Session 2 deletes the record with the primary table id = 2:
SQL> delete from t1 where id = 2;
There is no hang at this time,
There is indeed no lock:
View 10046 events:
PARSING IN CURSOR #12183444 len=27 dep=0 uid=90 oct=7 lid=90 tim=1458479427981508 hv=3481522657 ad='57ded014' sqlid='87pqrfv7s7ng1'delete from t1 where id = 2END OF STMTPARSE #12183444:c=1999,e=2469,p=0,cr=0,cu=0,mis=1,r=0,dep=0,og=1,plh=1636297587,tim=1458479427981505EXEC #12183444:c=0,e=365,p=0,cr=1,cu=6,mis=0,r=1,dep=0,og=1,plh=1636297587,tim=1458479427982059STAT #12183444 id=1 cnt=0 pid=0 pos=1 obj=0 op='DELETE T1 (cr=1 pr=0 pw=0 time=298 us)'STAT #12183444 id=2 cnt=1 pid=1 pos=1 obj=76829 op='INDEX UNIQUE SCAN PK_T1 (cr=1 pr=0 pw=0 time=26 us cost=0 size=3 card=1)'WAIT #12183444: nam='SQL*Net message to client' ela= 12 driver id=1650815232 #bytes=1 p3=0 obj#=-1 tim=1458479427983901
There is indeed no lock contention.
Summary:
(1) The foreign key does not have an index, which may lead to table locks in the sub-table, but the premise is as follows:
A. The sub-table can be deleted or modified.
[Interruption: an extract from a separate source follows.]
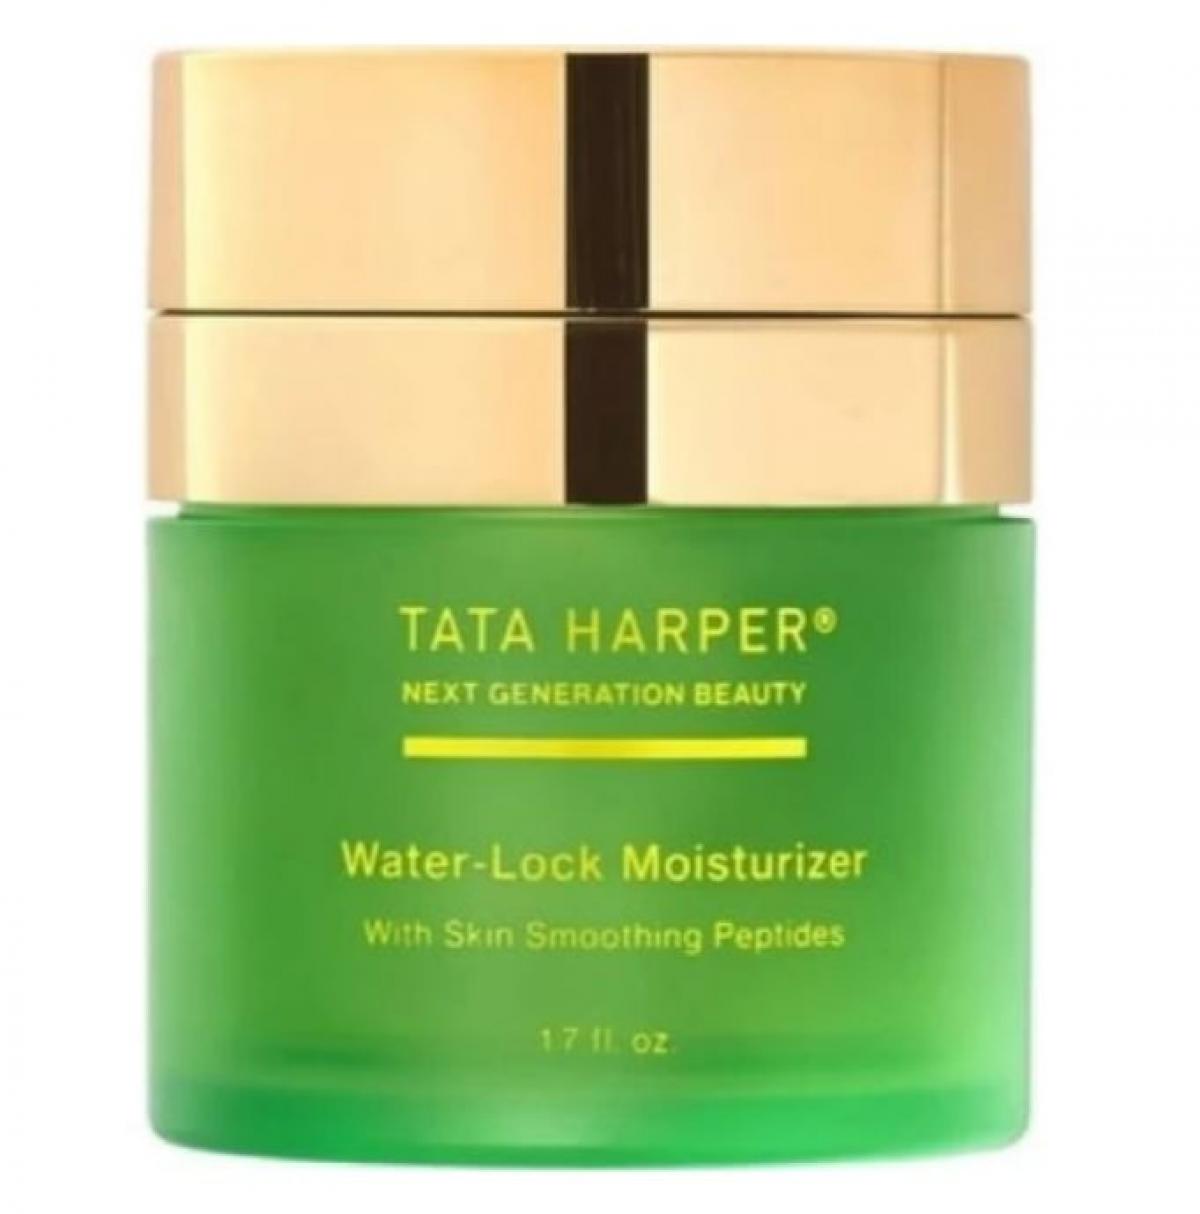 Water-lock moisturizer van Tata Harper skincare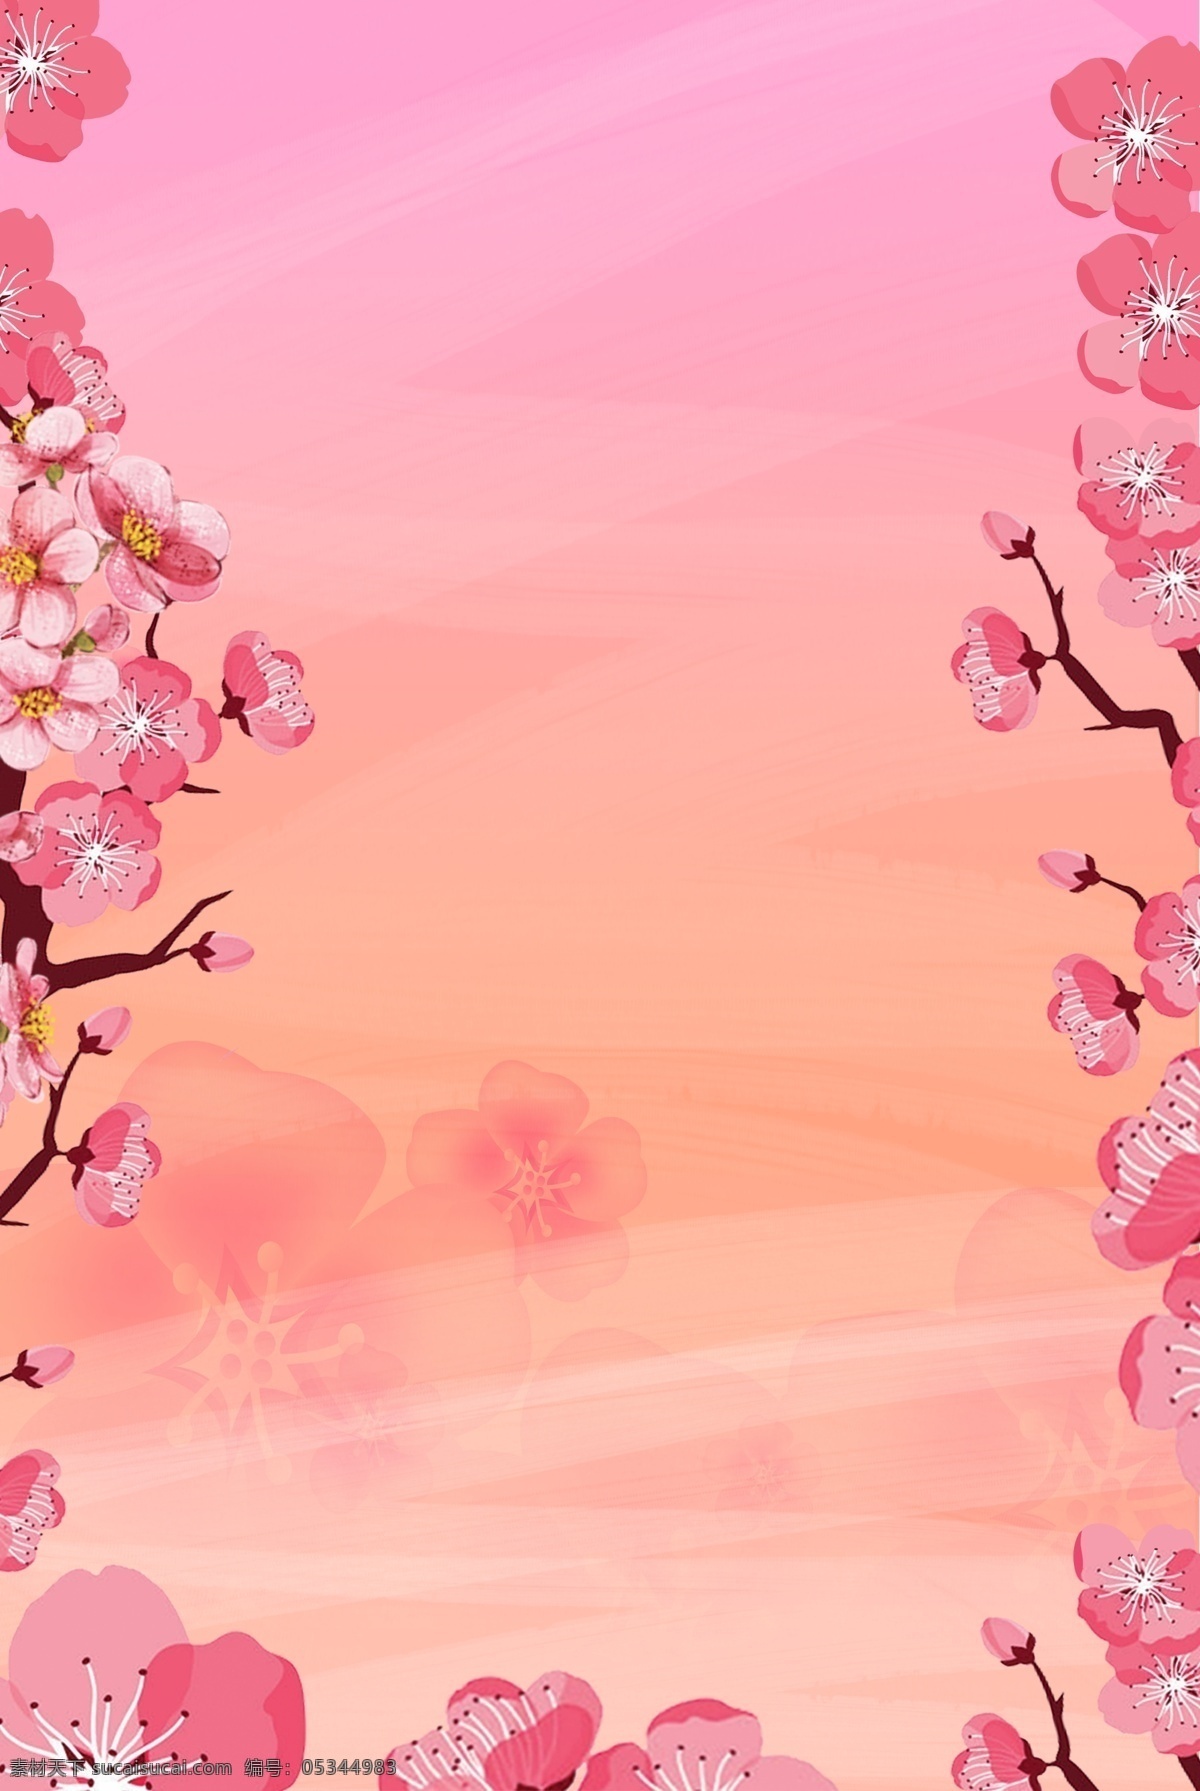 唯美 桃花 环绕 背景 桃花节 春天 春季 清新 春季上新 桃花树 十里桃花 花瓣

B. You can delete a primary table or update a primary key.
If the preceding conditions are met, the hang status of the master table operation is displayed.
(2) If the foreign key is not indexed, deleting the primary table record or the associated query of the primary table sub-table will scan the entire table of the sub-table.
(3) No insert operation is performed on the primary table or sub-table, regardless of the sequence. No locks or hang status is generated.
(4) only when an external key is used to create an index, the operation in (1) will not be in the lock or hang status, and the operation in (2) will be able to use the index.
Through the above experiments, at least no index is created for external keys. With some perceptual knowledge, we should have a deeper understanding of why external keys should be indexed.